Transcriptome Mining to Identify Molecular Markers for the Diagnosis of Staphylococcus epidermidis Bloodstream Infections

Antibiotics (Basel). 2022 Nov 11;11(11):1596. doi: 10.3390/antibiotics11111596.

Abstract

Bloodstream infections caused by Staphylococcus epidermidis are often misdiagnosed since no diagnostic marker found so far can unequivocally discriminate "true" infection from sample contamination. While attempts have been made to find genomic and/or phenotypic differences between invasive and commensal isolates, possible changes in the transcriptome of these isolates under in vivo-mimicking conditions have not been investigated.

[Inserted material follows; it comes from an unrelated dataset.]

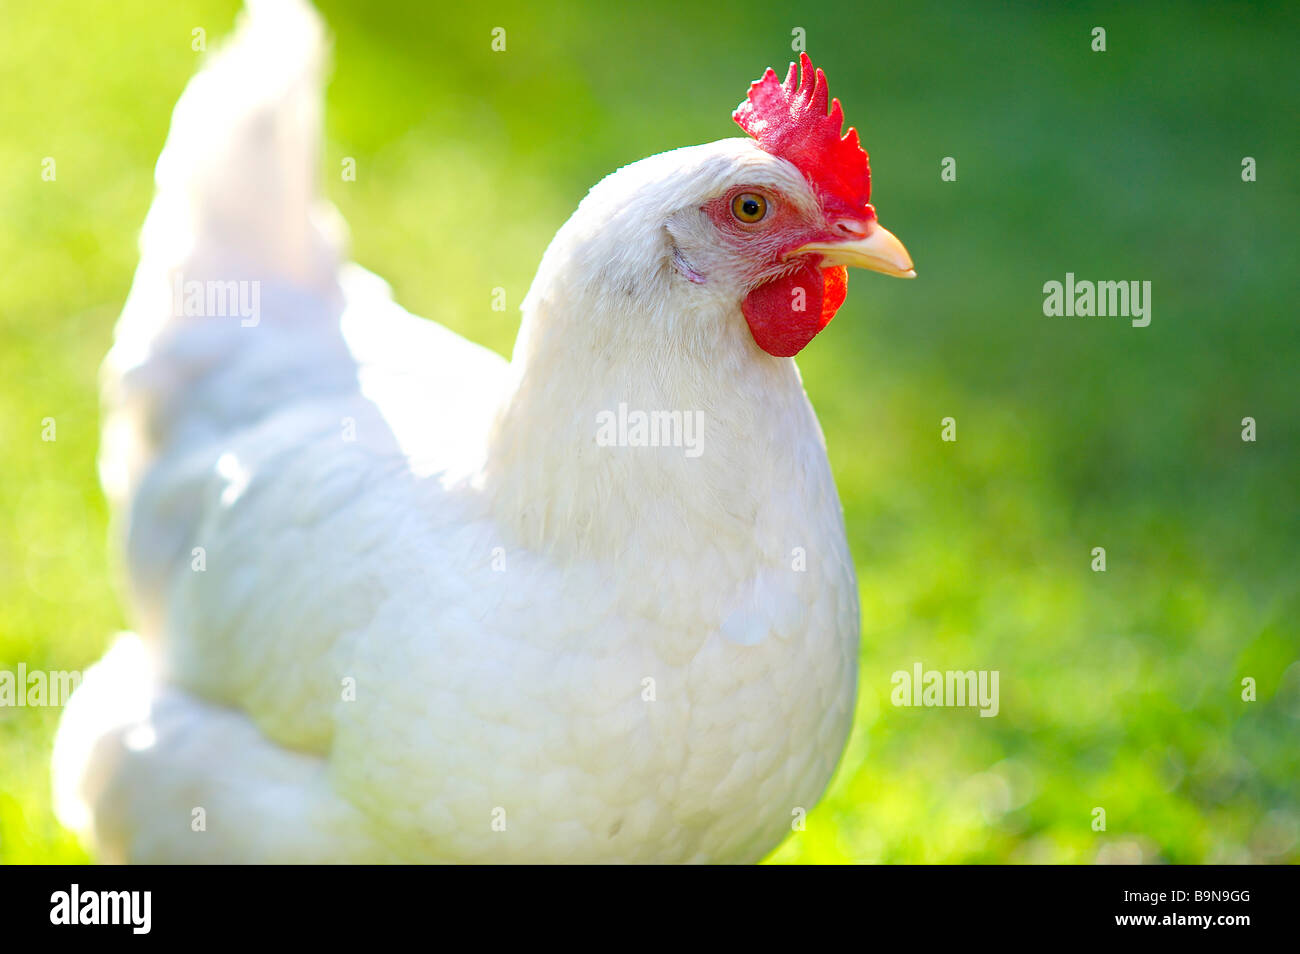 Free Range gallina blanca sobre el césped Foto de stock

Herein, we characterized the transcriptome, by RNA sequencing, of three clinical and three commensal isolates after 2 h of exposure to whole human blood. Bioinformatics analysis was used to rank the genes with the highest potential to distinguish invasive from commensal isolates and among the ten genes identified as candidates, the gene SERP2441 showed the highest potential. A collection of 56 clinical and commensal isolates was then used to validate, by quantitative PCR, the discriminative power of the selected genes. A significant variation was observed among isolates, and the discriminative power of the selected genes was lost, undermining their potential use as markers. Nevertheless, future studies should include an RNA sequencing characterization of a larger collection of isolates, as well as a wider range of conditions to increase the chances of finding further candidate markers for the diagnosis of bloodstream infections caused by S. epidermidis.

Keywords: RNA sequencing; bloodstream infection diagnosis; clinical isolates; commensal isolates; ex vivo human blood model; molecular diagnosis markers.